Feature Discovery Snowflake integration¶
An integration between DataRobot and Snowflake allows joint users to execute Feature Discovery projects in DataRobot while performing computations in Snowflake, when beneficial. The integration minimizes data movement, making the computation of new model features faster, more accurate, and more cost-effective. DataRobot detects whether all secondary datasets configured for the project are dynamic and are referencing tables in Snowflake. If they are, DataRobot automatically pushes joins and filtering operations into Snowflake, and then loads the smaller result set back into DataRobot.

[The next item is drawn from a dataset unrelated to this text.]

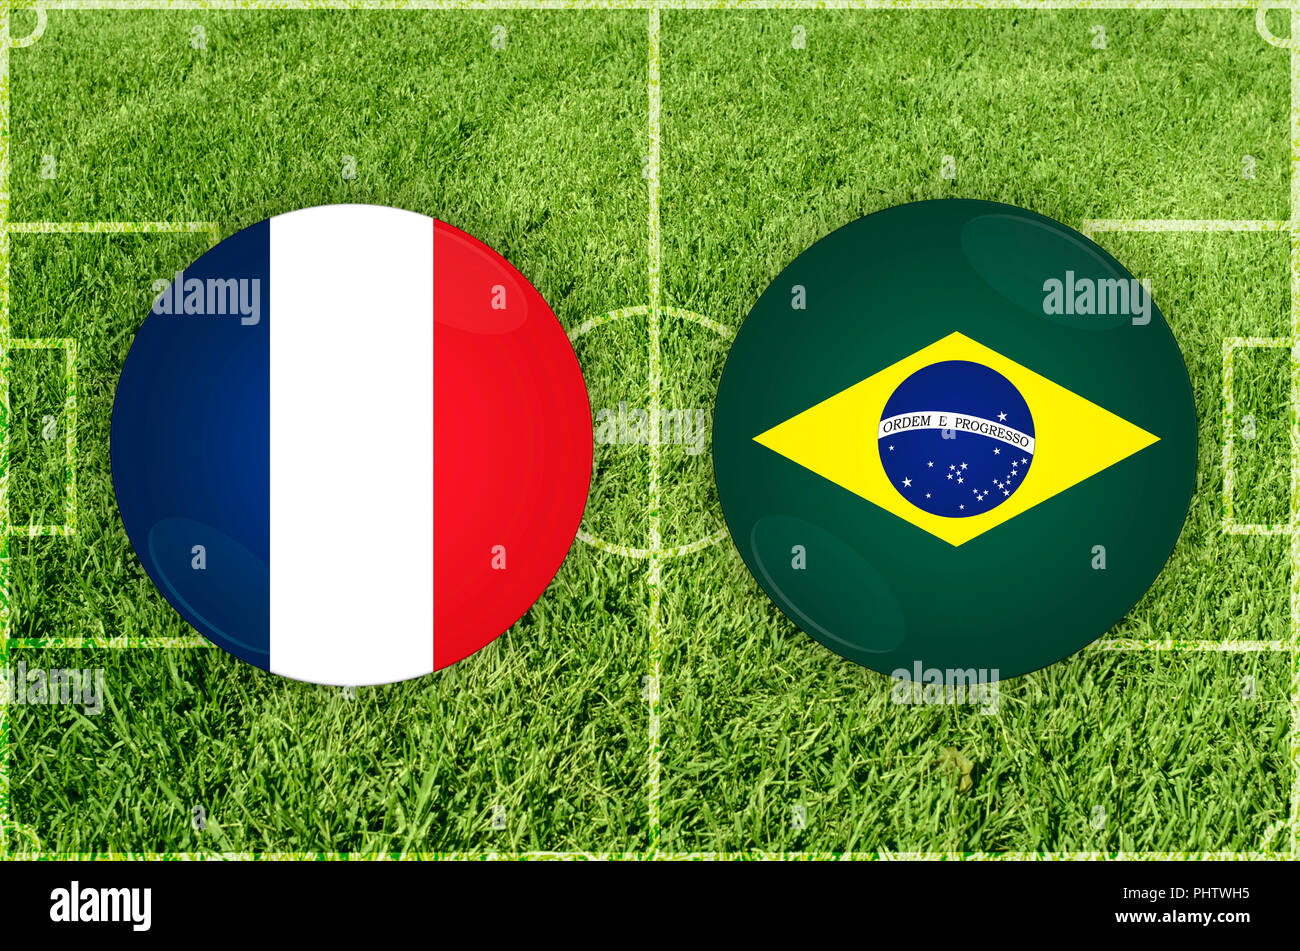 France vs Brazil football match Stock Photo Alamy

Because Feature Discovery is now starting with smaller datasets, DataRobot project runtimes are reduced.
Beta: Purpose-built AI applications with the AI App Builder¶
The AI App Builder provides a way for users without coding experience to launch, configure, and share AI-powered applications in a visual and interactive interface so that predictions can be easily shared and consumed—optimizing decision-making for a machine learning use case and delivering increased value from data.
Similar to apps deployed from the Application Gallery, each application starts with an application type and data source—either a deployment or dataset in the AI Catalog. However, in the App Builder, you can then configure additional widgets, custom features, and pages to tailor the application to a specific use case.
In Applications > Current Applications, you can view a list of existing applications and click + Create Application to create a new one in the AI App Builder.
In edit mode, create pages to organize your insights, then drag-and-drop header and chart widgets to tailor the application to a specific use case.
New AutoML features and enhancements¶
The following list the new AutoML features in release v7.1.0, described below.
- Keras-specific training dashboard
- Feature Discovery now supports anomaly detection
- New blueprints and Advanced Tuning parameters for image datasets
- Support for dynamic Spark SQL in Feature Discovery
- TinyBERT pre-trained featurizer implementation extends NLP
- Model compliance documentation for multiclass projects
- Improved Eureqa training behavior
- Beta: Feature Discovery Relationship Quality Assessment
Changes for Administrators¶
- Beta: Custom RBAC roles for users and groups
Keras-specific training dashboard¶
The Training Dashboard tab provides, for each executed candidate model, visualizations of varying hyperparameters over time. In other words, it helps to understand what happened during model training, and how well the model fits the data. The tab provides visualization in areas of training and test loss, accuracy, learning rate, and momentum across all iterations. Select candidate models to compare and modify settings to change the displays and help interpretability.
この情報を使用し、最終モデルを改善するためにチューニングするパラメーターについて情報に基づく決定を行えます。 From the dashboard you can assess the impact that each parameter has on model performance, and with direct links to the Advanced Tuning tab, you can further tune and test the model.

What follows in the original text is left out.